Este artículo describe la errática política comunicacional del mandatario por la pandemia y va aún más atrás en el tiempo, para recordar el temprano final de la luna de miel de la población con AMLO.

Uno de los clásicos de la pandemia del COVID-19 es entrar a Twitter o Facebook y encontrarte con un video de López Obrador en una situación comprometida: puede estar besando niños, o lamentándose por no poder besarlos, o invitando a la gente a que continúe haciendo su vida normal. Tú entras a Internet y lo primero con lo que te topas es con la nueva ocurrencia de Andrés Manuel. Repitiendo su papel, una y otra vez, como si se tratara del gag de una mala comedia. Muchos de esos videos son editados o sacados de contexto, es cierto, pero su base no existiría si no fuera por la patológica urgencia que tiene el presidente por estar siempre en medio de la tormenta.

Andrés Manuel López Obrador, presidente de México, fue, durante muchos años, un tipo muy astuto que supo aprovechar la indignación que despertaban los desastrosos gobiernos del PRI y del PAN para establecerse como un adversario firme. Al PRI, entre otros muchos males, se le puede responsabilizar por implantar la corrupción en el ADN del sistema mexicano y al PAN por iniciar primero, y perder después, una sangrienta guerra contra el narcotráfico. Casi nada. Frente al nivel de estos rivales no fue muy complicado para López Obrador presentarse como un gran opositor.

Perdió dos elecciones presidenciales de manera consecutiva: en 2006 contra Felipe Calderón, quien lo venció por un margen apenas de medio punto porcentual, y en 2012 contra Peña Nieto, en el ¿último? coletazo que pudo dar el agonizante dinosaurio priísta. Las dos derrotas, paradójicamente, sirvieron a Andrés Manuel para continuar posicionándose como la única tabla de salvación del país.

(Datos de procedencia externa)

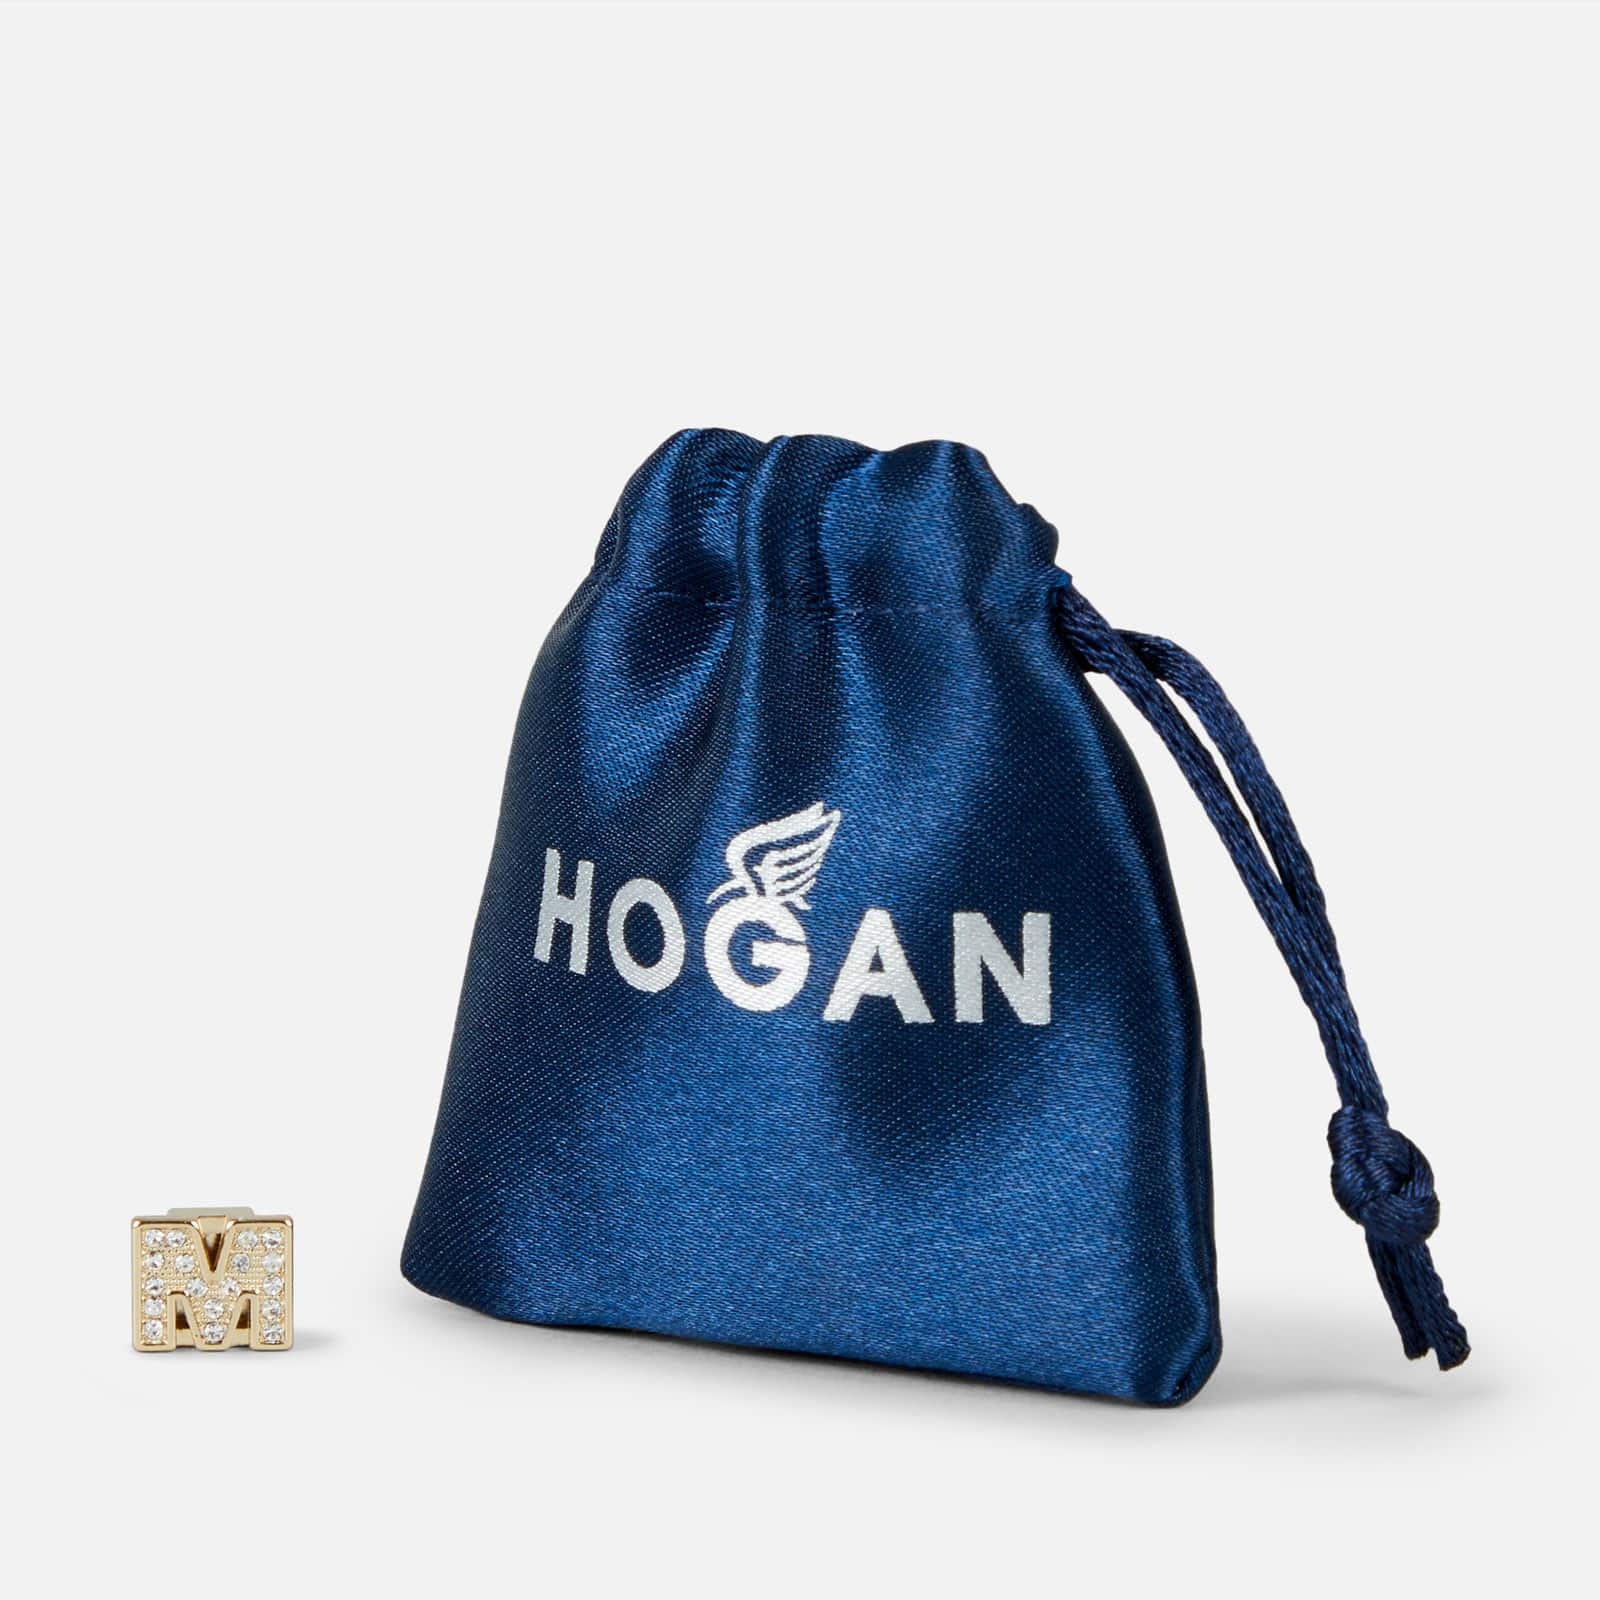 Hogan By You - Shoelace Bead Violet Gold Light Blue - 2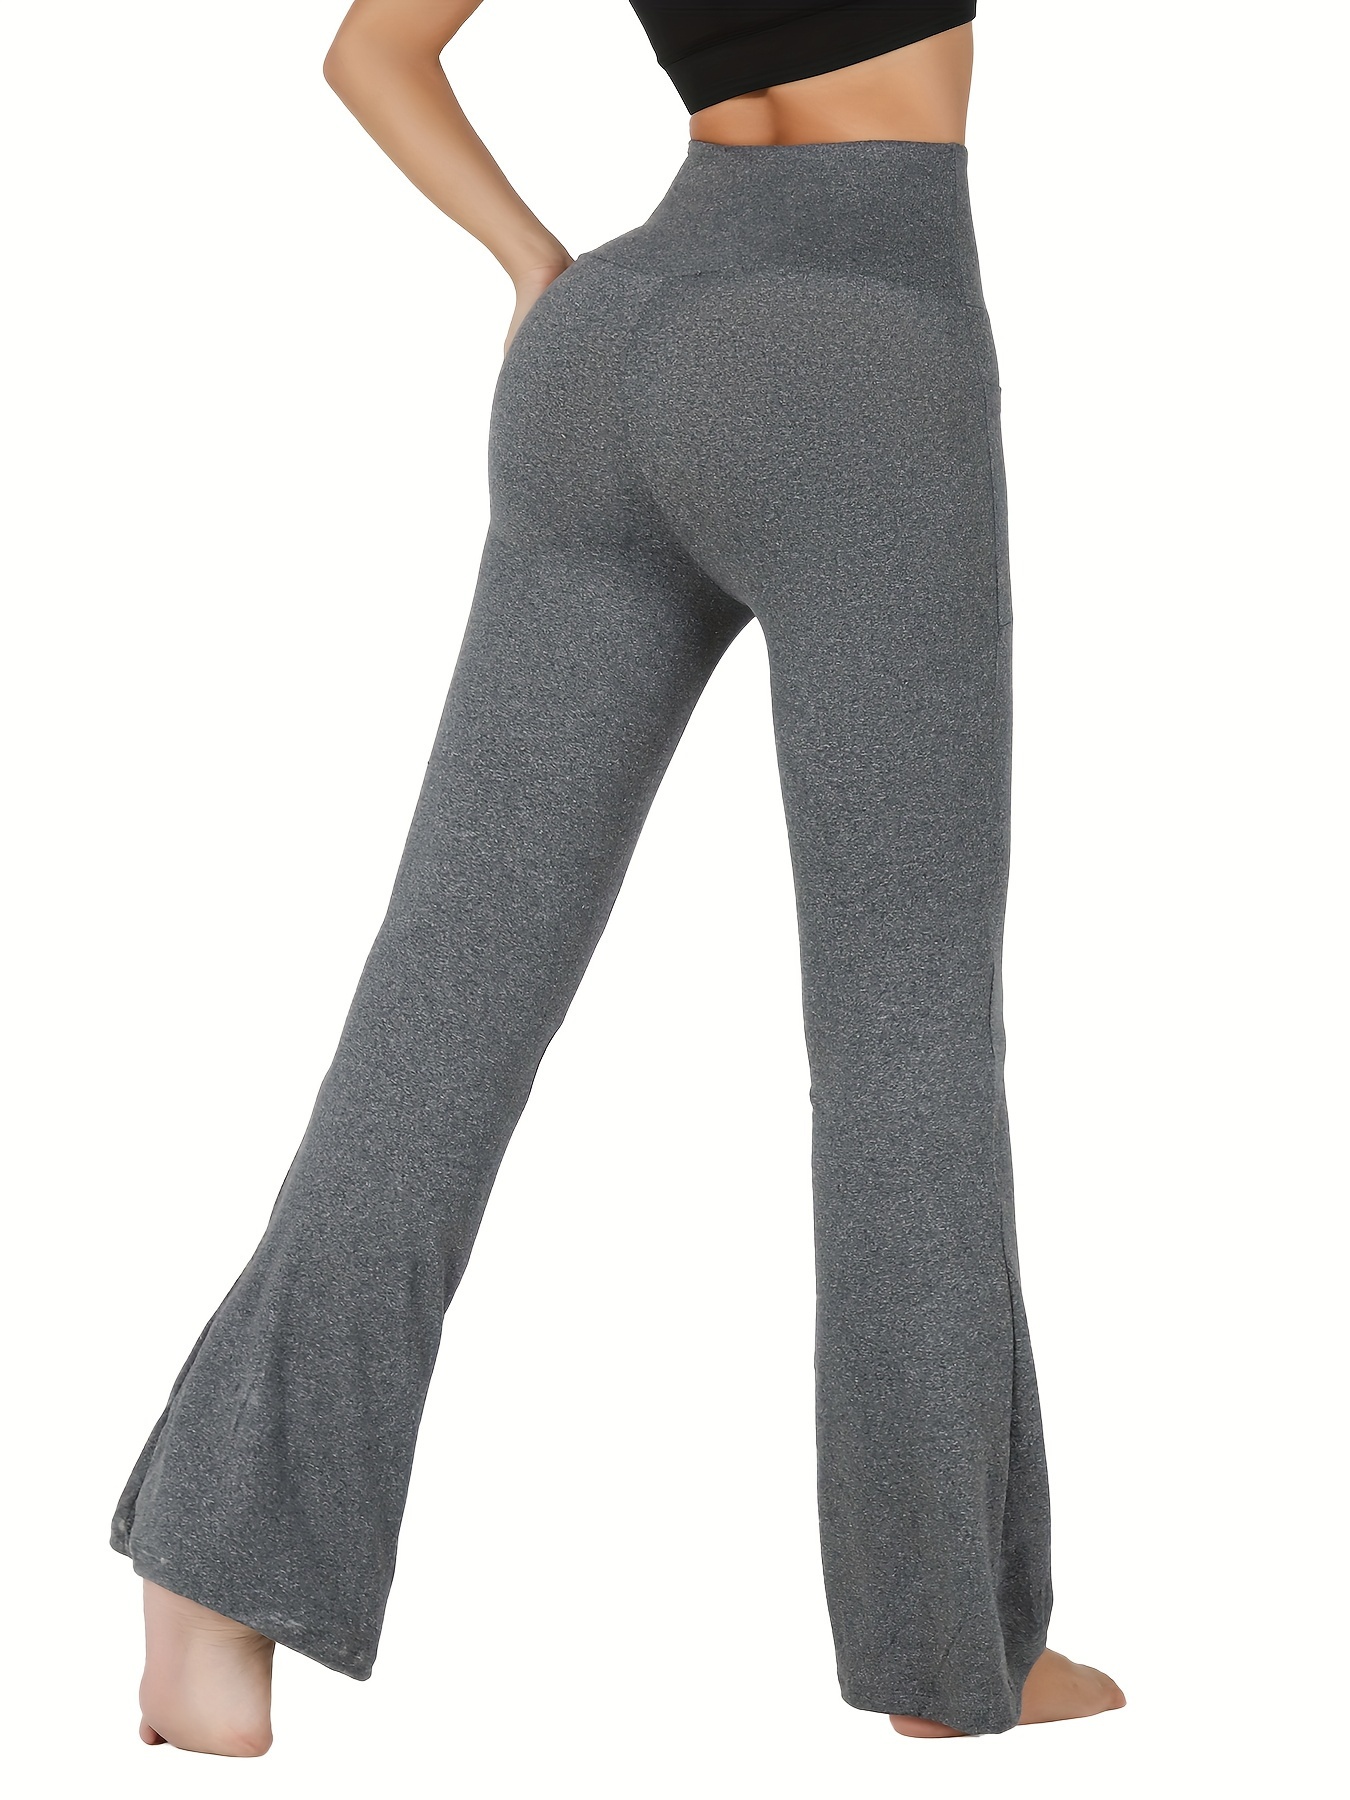 G-Style USA Women's Bootcut Flare Leggings Yoga Pants 8150 - Charcoal Gray  - Medium

Las administraciones, tanto de Calderón como de Peña Nieto, resultaron desastrosas y dejaron la mesa servida para que en el 2018, de rebote y casi sin querer, López Obrador se convirtiera en el primer presidente de izquierda en la historia de México. Aunque habría que mencionar que la idea que Andrés Manuel tiene del concepto de izquierda es muy discutible.

Aquí va un ejemplo reciente: durante los días previos a la marcha feminista del 8 de marzo y al paro del día 9 López Obrador, en reiteradas ocasiones, llamó conservadores a quienes apoyaban esos movimientos. Pasando por alto que las mujeres exigían seguridad o la despenalización del aborto el presidente no tuvo empacho en llamarlas conservadoras. Incluso, tratando de reventar el paro del día 9 de marzo, propuso iniciar la venta de billetes de la rifa del avión presidencial para aquel día. El presidente no duda en llamar conservador o de derechas a quien se atreve a discrepar de sus políticas y sin embargo jamás se ha atrevido a tocar en público la cuestión de los matrimonios igualitarios, la eutanasia o el aborto, asuntos que están presentes en las agendas de los verdaderos partidos de izquierda. Lo más cercano que dijo alguna vez sobre el tema, en el mejor ejemplo de su credo populista, fue que tenía que ser el pueblo en una consulta pública quién decidiera sobre estos asuntos.

En el 2018 López Obrador ganó las elecciones por un amplio margen. Incluso sectores de la población o regiones del país que nunca habían simpatizado con sus ideas le dieron el beneficio de la duda. López Obrador -al igual que Vicente Fox en el 2000- llegó a la presidencia con un gran crédito de legitimidad que le permitió un amplio margen de maniobra. Las primeras acciones de Andrés Manuel fueron contundentes. Un golpe en la mesa. Nada más llegar a Los Pinos decretó la cancelación del costoso aeropuerto que había iniciado Peña Nieto y comenzó una lucha frontal contra la mafia de los huachicoleros (traficantes de gasolina que se abastecen por medio de la ordeña de los oleoductos de PEMEX). Se podía estar de acuerdo o no con estas medidas, pero era claro que el presidente tenía un plan. Eran iniciativas de un gobierno que comenzaba a reaccionar. La guerra contra los traficantes de gasolina trajo consigo la escasez del combustible en buena parte del país, pero la percepción era que por fin la maquinaria del gobierno federal, invisible durante la gestión del PRI, estaba dando señas de vida.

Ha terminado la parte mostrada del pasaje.